◆ **TASK ITEM**
Drop every picture, then transcribe the remaining data exactly.

◆ **COLLECTED MATERIAL**

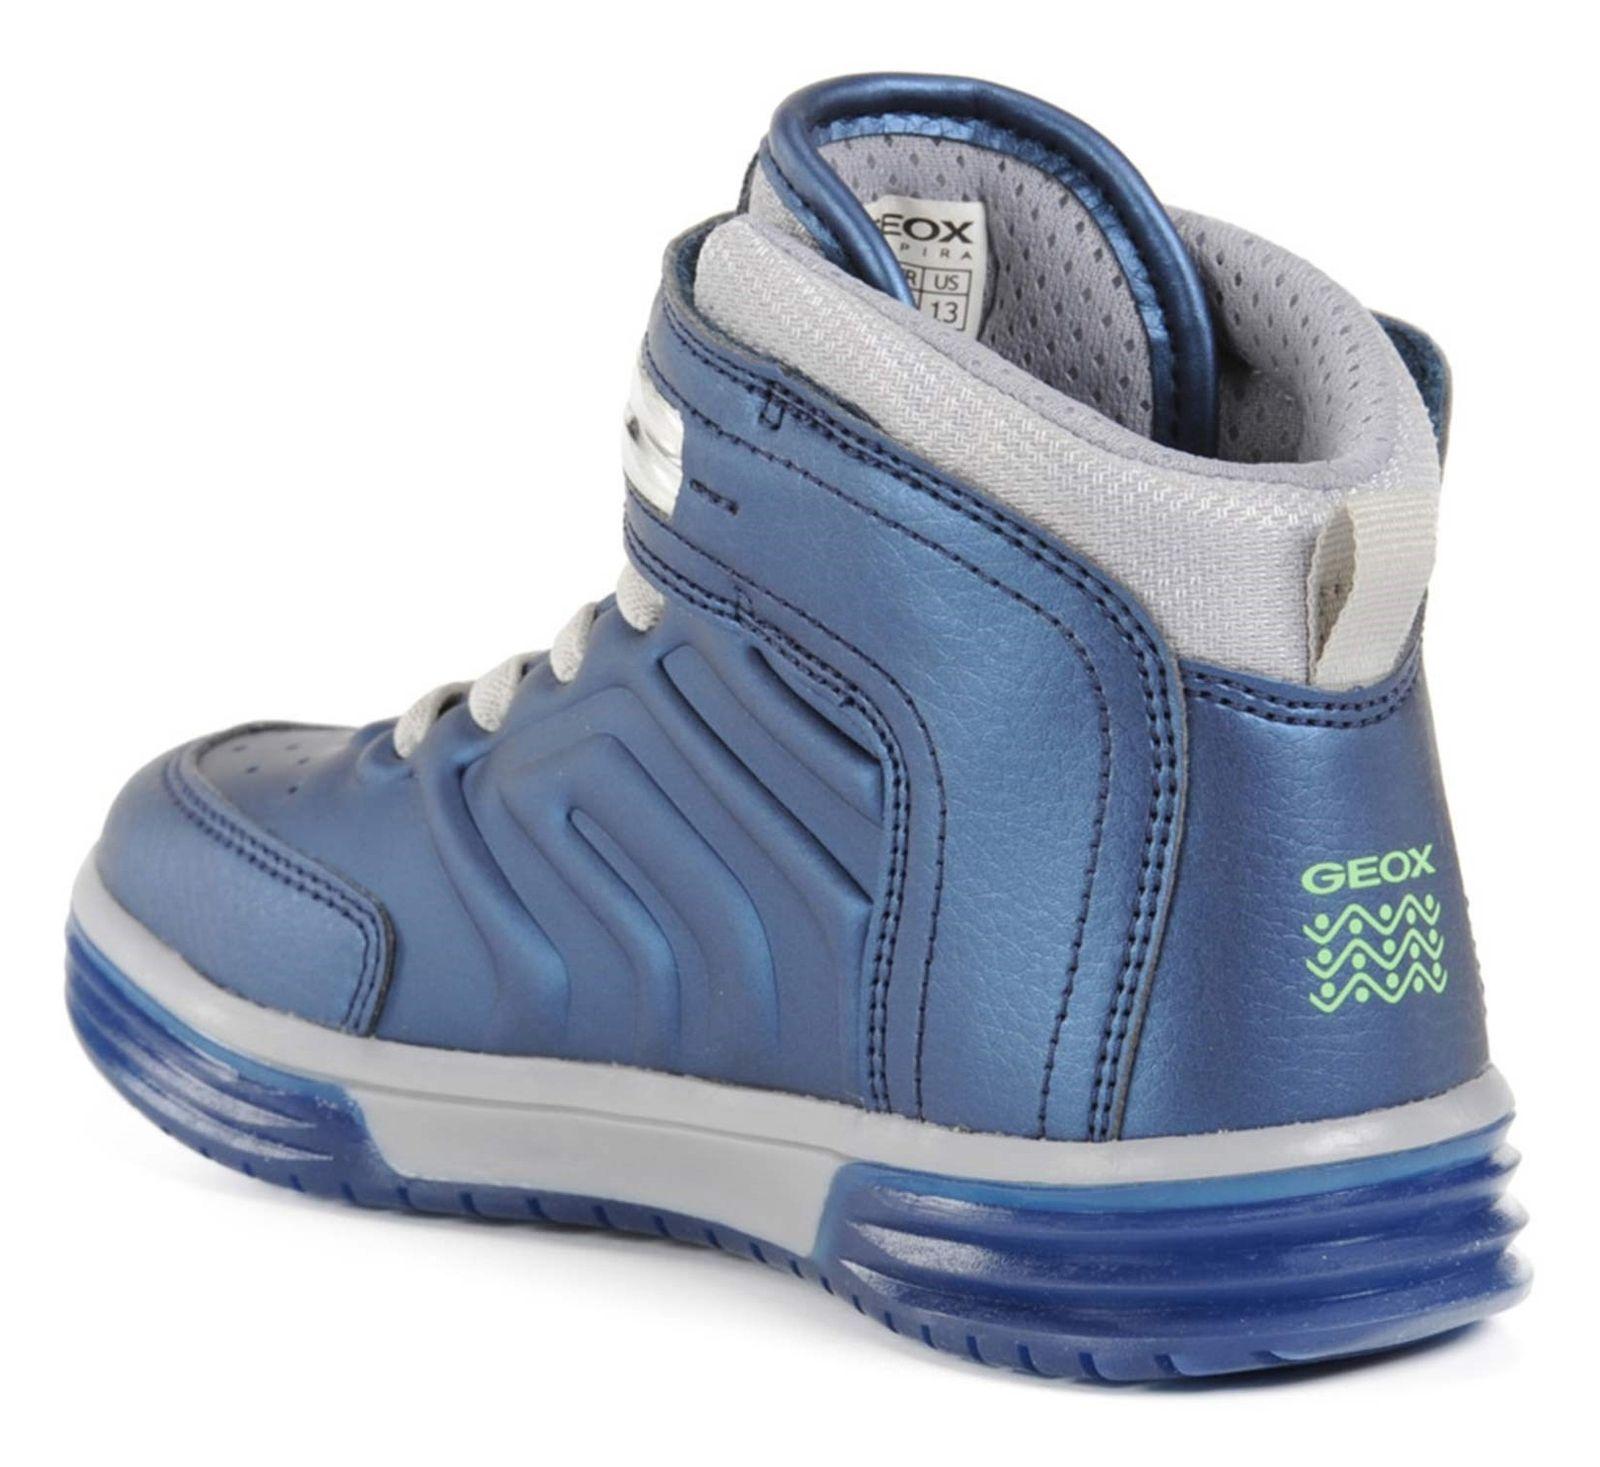 کفش ورزشی پسرانه Argonat - جی اوکس - آبي - 4
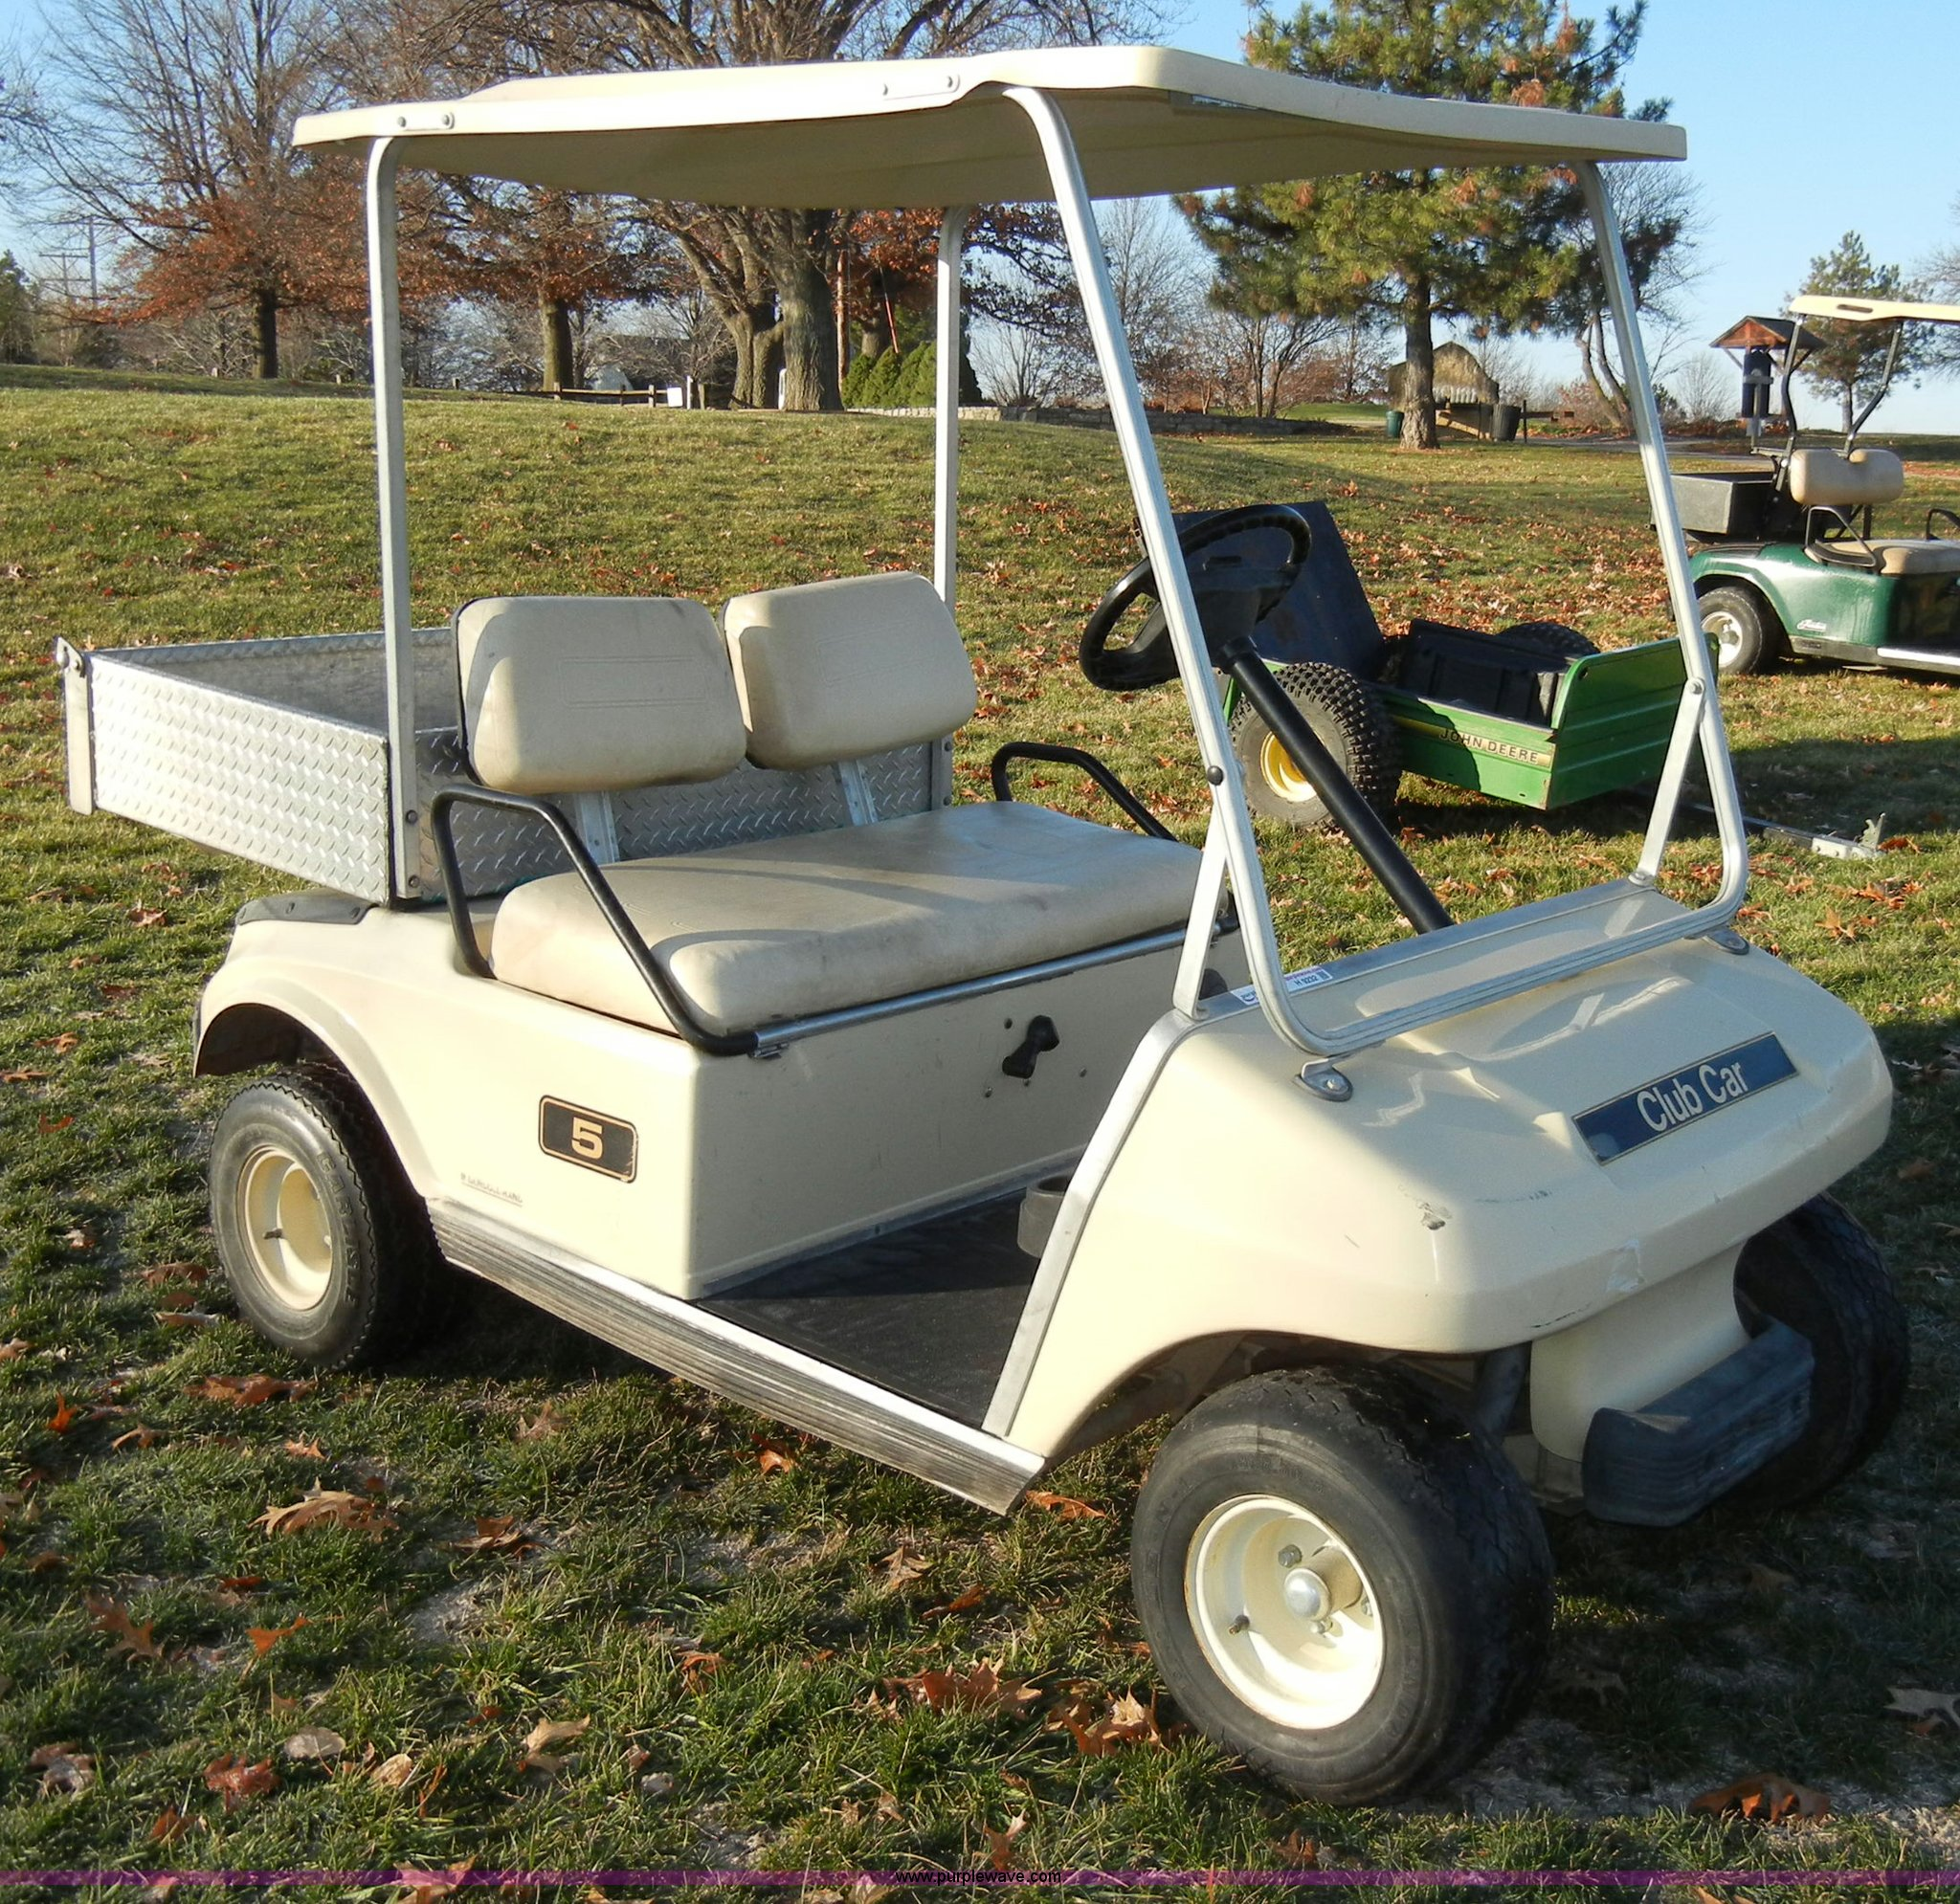 Pin By Abhijay Janu On Homes: Ingersoll Rand Club Car Golf Cart
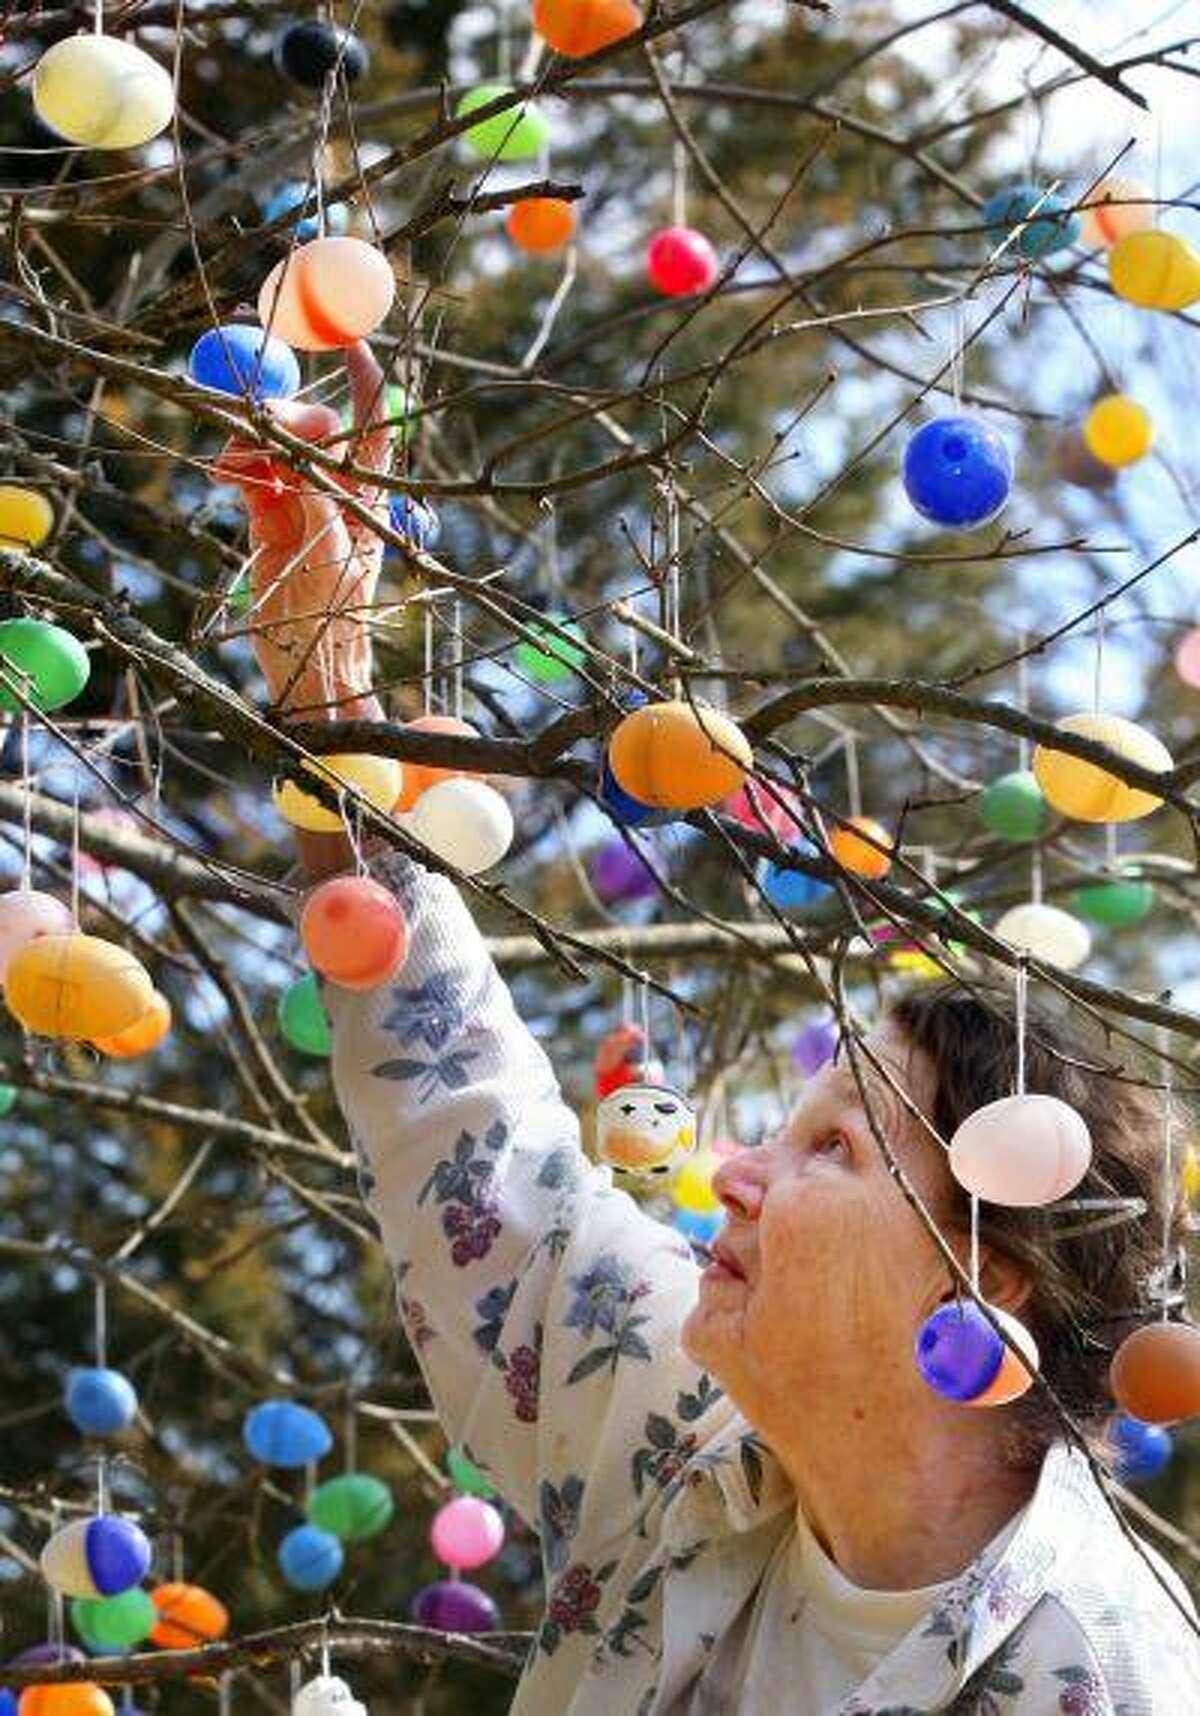 Elsie Palmer of Virginia begins to clean up vandalism left behind by the Easter Bunny earlier this month.

◆ **ANSWER BELOW**
 کفش ورزشی پسرانه Argonat - جی اوکس - آبي - 4
 Pin By Abhijay Janu On Homes: Ingersoll Rand Club Car Golf Cart
 Elsie Palmer of Virginia begins to clean up vandalism left behind by the Easter Bunny earlier this month.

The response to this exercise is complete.